The LSH technique is an algorithm that searches in a space of the Hamming distance for data in binary (binary data). Given query data, the LSH technique obtains a hash code by projecting the query data onto a lower dimensional binary (Hamming) space, and then calculates a hash key by using the hash code. The ‘query data’ refers to e.g., at least a part of an image newly input through the image input unit 10, which is to be used to calculate the hash key using a predetermined hash table.
Once the hash key is calculated, the LSH technique linearly searches data stored in buckets that correspond to respective hash keys to determine the most similar data. There may be a number of hash tables used to calculate the hash key in the LSH technique, and the query data may have as many hash keys as the number of hash tables. In an embodiment of the present invention, if n (a natural number) dimensional vector data is to be searched, the hash key may be a b (a natural number) dimensional binary vector, where b is less than n, and the binary vector may be calculated according to b binary hash functions.

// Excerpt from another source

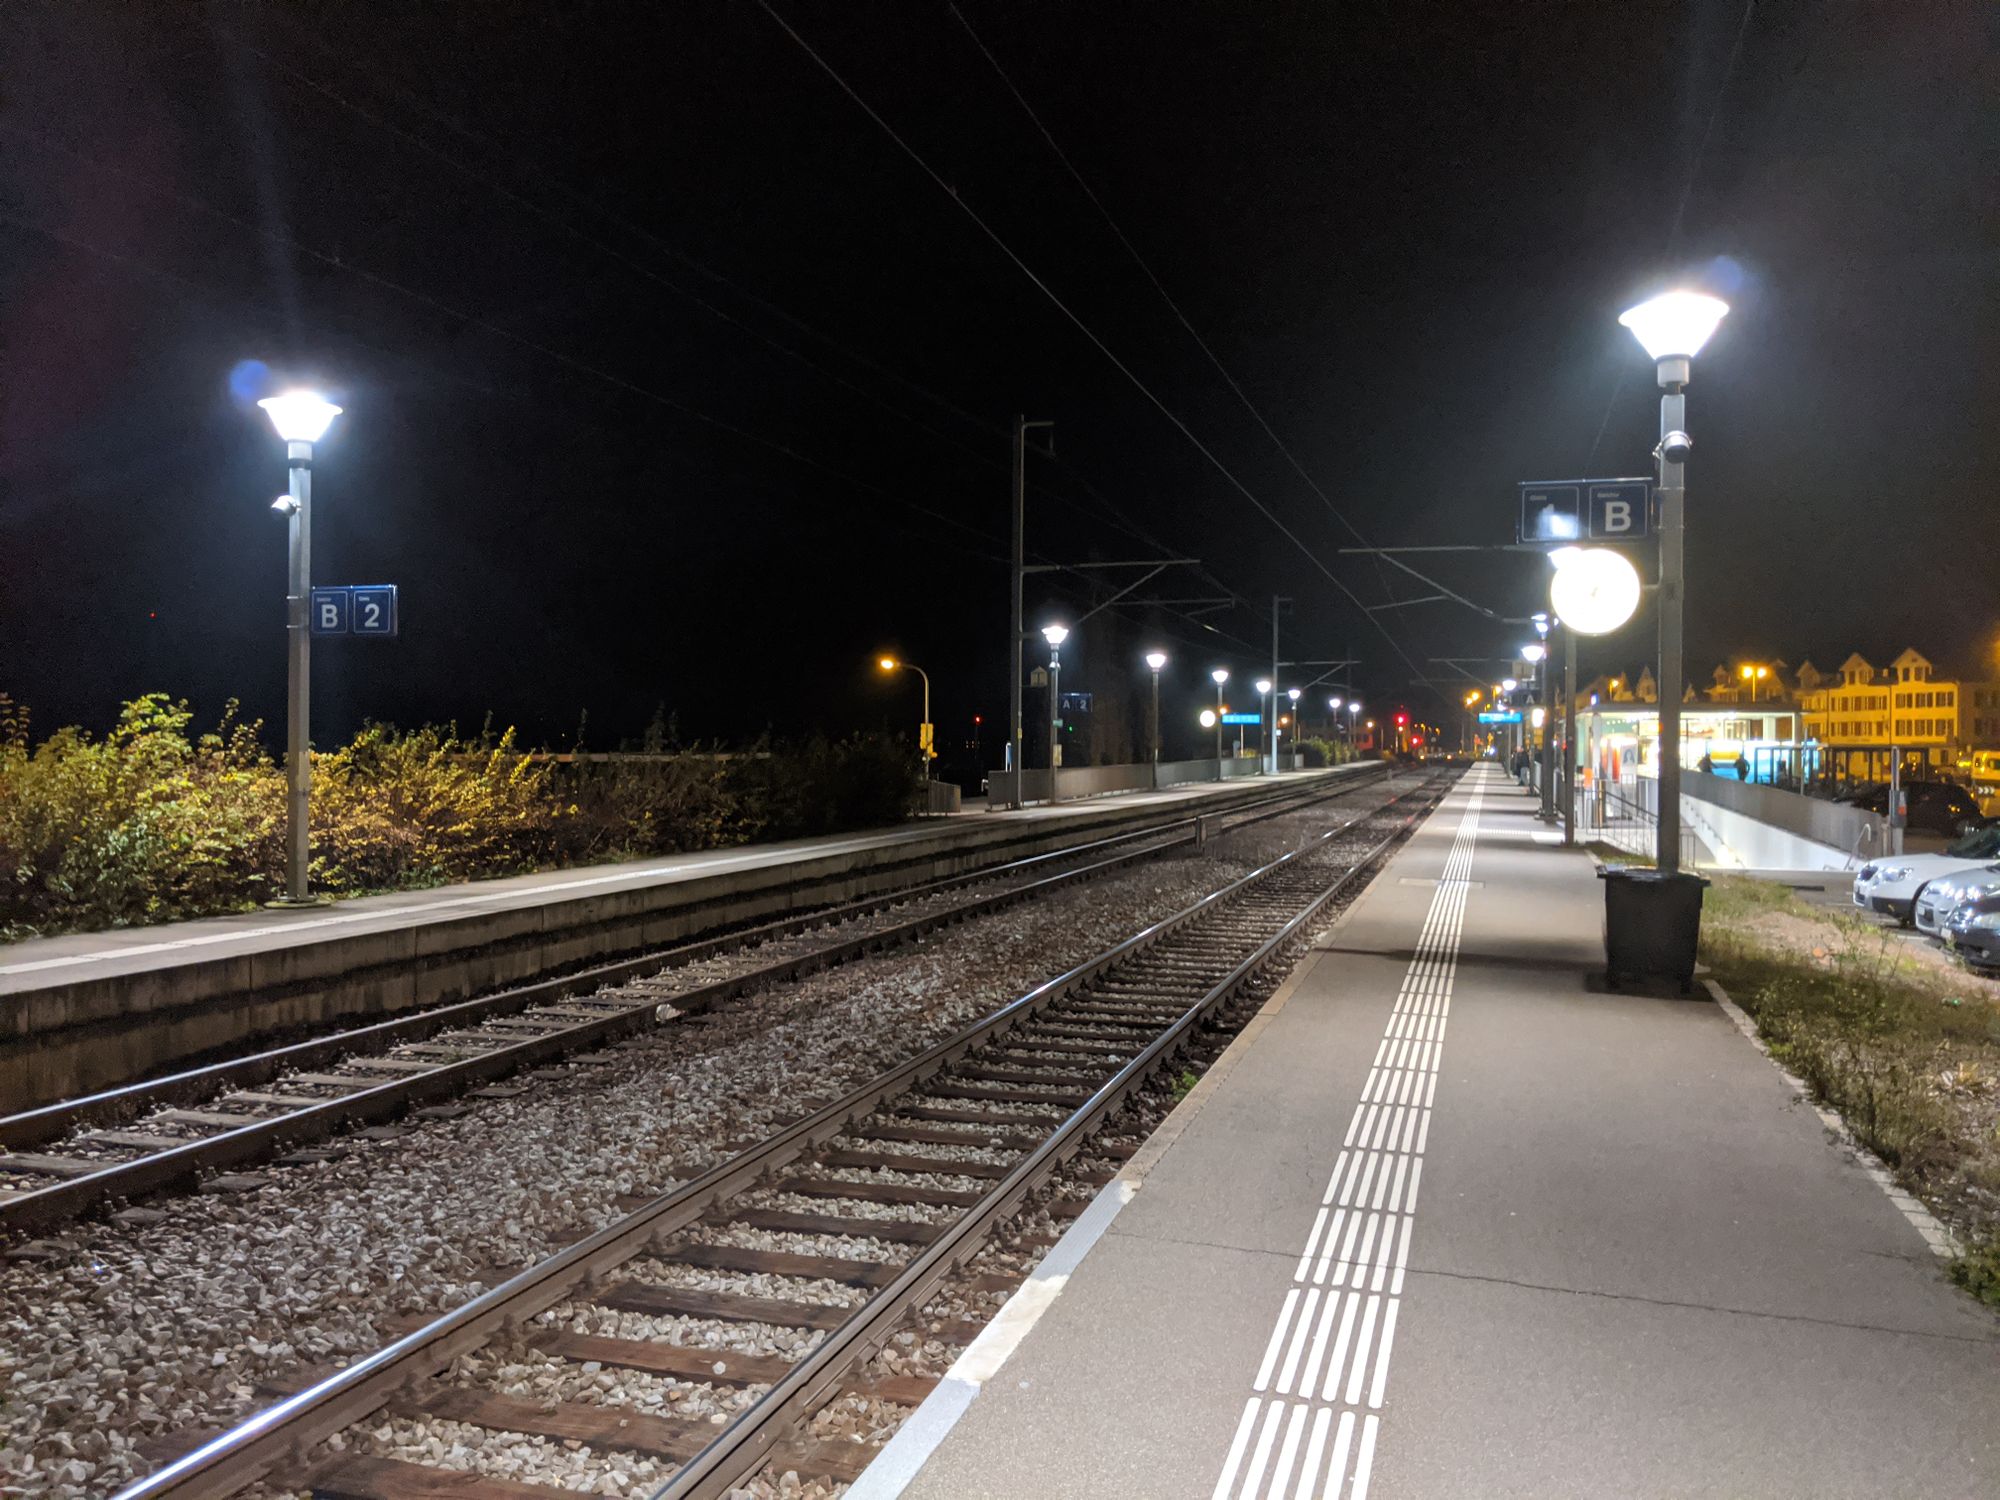 Schmerkner Bahnhof am morgen früh im 2019 (Foto: Thomas Müller, 8716.ch)

A binary hash function is used, as shown in Equation (2) below, to convert vector data x to binary data with a value “0” or “1” through projection, and b-bit binary vector may be projected from b different projection functions.
$\begin{matrix} h_{r} (x) = {\begin{matrix} 1, & if r^{T} x \geq 0 \\ 0, & otherwise \end{matrix} & (2) \end{matrix}$
FIG. 2 is a diagram illustrating data projection according to binary hash functions, according to an embodiment of the present invention. Referring to FIG. 2, the image matcher 50 selected an arbitrary point from among a data set of points. The arbitrary point selected by the image matcher 50 may be projected by, e.g., 3 arbitrarily selected binary hash functions f₁, f₂, and f₃, onto 3-bit vector data 101. The projected selected point becomes ‘1’ by the binary hash function f₁, ‘0’ by f₂, and ‘1’ by f₃. Thus, the selected point is projected onto 3-bit vector data ‘101’ by the three binary hash functions f₁, f₂, and f₃.
When given a large amount of data, the LSH technique groups all the data by hash key values by storing it in a corresponding bucket vectors having a hash key value generated according to a predetermined hash key function in a learning stage. With the LSH technique, given the query data, the image matching apparatus 100 obtains a predetermined number of hash key values by using the hash table. Also, the image matching apparatus 100 may quickly find similar data by determining a similarity between hash key values only within the data set stored in buckets corresponding to the hash key values, respectively.
FIG. 3 illustrates an example of obtaining a descriptor represented as binary data from an image patch when k=2 in Equation (1), according to an embodiment of the present invention.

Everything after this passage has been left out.